Baconyum · 12/06/2016 08:40

Wherethefuckis

I wouldn't worry about outing, I've several cop friends at least 2 have done the exact same! Worse in one case the person that was pulled over laughed hysterically my friend was new in job and lost the rag with him for it! So was shouting WANKEE by the end! I think it's still his nickname at work - 20 yrs later!

WhereTheFuckIsMyFuckingCoat · 12/06/2016 08:53

There is a palpable relief in that baconyum! Grin

WhereTheFuckIsMyFuckingCoat · 12/06/2016 08:56

Oh, another one I've done which I'm surely not alone in, is typing onto a system, which can't be changed, and goes onto court document transcript, which is then read out for all to hear, "suspects were trapped behind shitter door", obviously meaning shutter. Gave quite a few people a good laugh.

OnlyTheDepthVaries · 12/06/2016 10:44

Whilst doing surveillance (don't ask) I spent many weeks sitting in some shrubbery at a local park.
Several months later I was driving past the park with a new colleague discussing the job and tactics involved.
I said, "Would you like to see my bush?"
He nearly crashed the car!

TheNorthRemembers · 12/06/2016 13:04

DH is asking me to stop reading, as I am LOL in the middle of a cafe.
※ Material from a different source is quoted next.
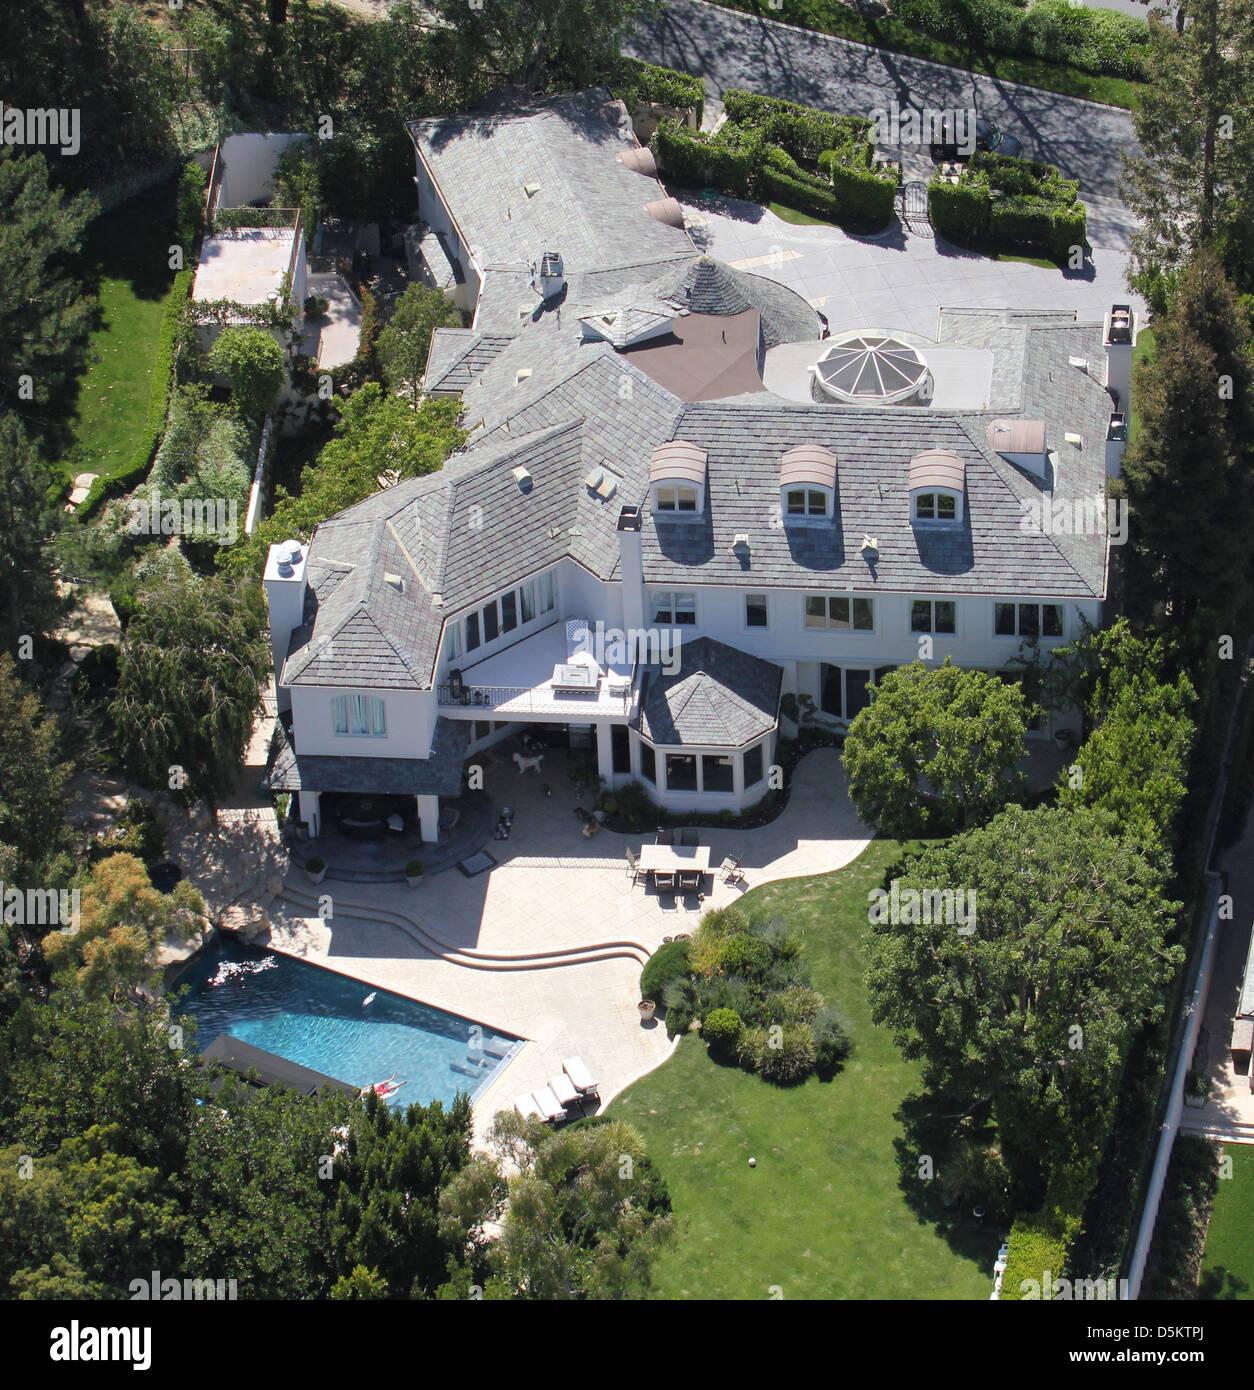 Aerial View Of Robbie Williams U0027 Home In Los Angeles. Los Angeles, Californa

Cerseirys · 12/06/2016 13:20

Years ago, I was thinking about getting older, and asked a male colleague if he was stiff when he woke up in a morning!

One of my colleagues goes running in his lunch breaks and one afternoon he got up gingerly from his desk and stretched. Genius me decided to ask "are you feeling a bit stiff X?" I might've got away with it had I not immediately realised what I said and qualified it with "in your muscles, that is"!

GarlicSteak · 12/06/2016 18:04

electric ian - Oh, Grin Grin Grin I've never noticed that before!

ZigZagIntoTheBlue · 12/06/2016 19:16

Lol MrsReagan, I sent my sister to HMV to buy the 'lamb of God' (metal band) cd for dh Xmas present. She came back saying they didn't have it. I say no they definitely do I've seen it, what did you ask for? Turns out she went in asking for 'anything new from son of God?' Grin

Jofo · 12/06/2016 19:33

Once, when I hadn't been in a new job very long one of the team came in and said 'Hey, guess where 'John' took me this weekend?' Without thinking it through, I replied 'Up the arse?' Blush Much mortification on my part but luckily everyone laughed!